Scott Sumner argues that since the monetary authority is the last mover in targeting the nominal economy, fiscal cyclical policy is mostly neutered.  If the Fed is targeting a certain nominal production level or inflation level and the government institutes fiscal policy intended to increase nominal economic activity, then the Fed will offset that policy in order to remain on target.  If the Fed wouldn't offset fiscal policy stimulus, then the question is why wasn't the Fed creating more stimulus to begin with?  The zero lower bound isn't a reason.  I have found that the Fed has been able to influence forward inflation and interest rate expectations at the zero lower bound.  Here is a recent study coming to the same conclusion.

At any rate, Scott has posted some comments I made about the issue.  Click on the link for the full story.  The short version is that we can see monetary offset in the Fed transcript from September 2008.

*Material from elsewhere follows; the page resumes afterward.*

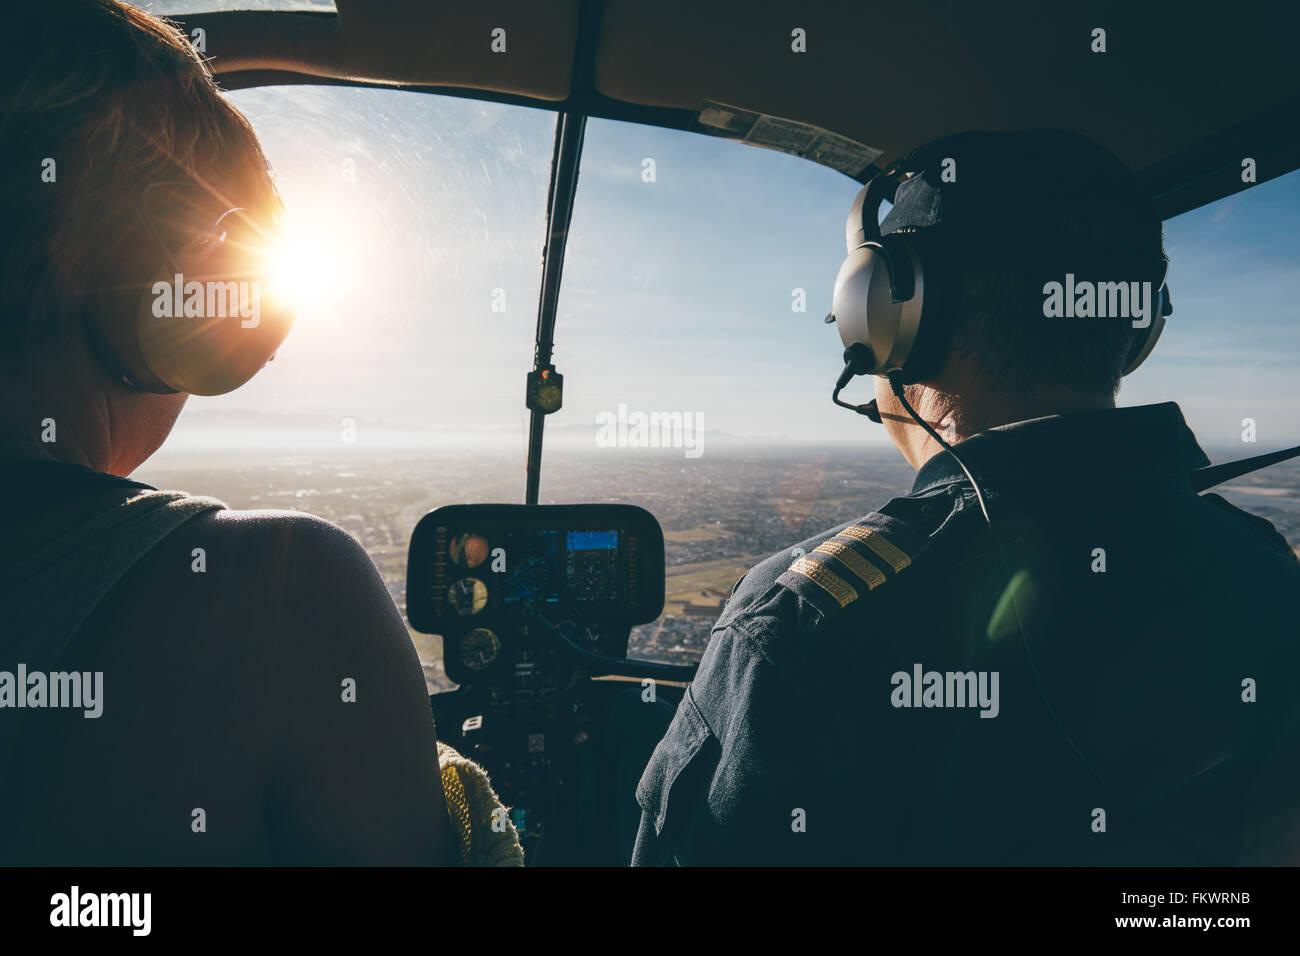 Zwei Piloten in einem Hubschrauber während des Fluges an einem sonnigen Tag. Rückansicht-Schuss von Mann Stockbild

In fact, I suspect that, on a policy like Emergency Unemployment Insurance (which was first implemented in this cycle by President Bush in June 2008), the modelers at the Fed probably model the policy as stimulative.  So, there is a double whammy effect of monetary offset.  Someone like Janet Yellen sits down at the FOMC meeting and she looks at the models from the Fed quantitative staff, which reflect perceived additional fiscal stimulus, and thinks, "Hey, things aren't so bad.  We don't have to be as accommodative as I thought."  Then, bringing her own intuition to the meeting, she notes that the unemployment rate is probably overstated because of the recently instituted emergency unemployment insurance.  We would normally expect rising unemployment to be disinflationary, but since it is likely exaggerated by the effects from EUI, we can kind of figure that the labor market is doing better than the unemployment rate would suggest.

So, EUI might cause Fed modelers to point to a more hawkish policy and then the FOMC adds their own additional hawkish twist.

In actuality, Janet Yellen was right that EUI probably caused higher unemployment, but this probably called for more dovish policy.

Here is a fiscal policy that could be contractionary, but that leads to an exaggerated monetary offset that is also contractionary.

8 comments:

  1. Excellent blogging. Moreover, tight money does not improve structural impediments. In fact, most interest groups hold on even tighter to their structural impediments in a recession.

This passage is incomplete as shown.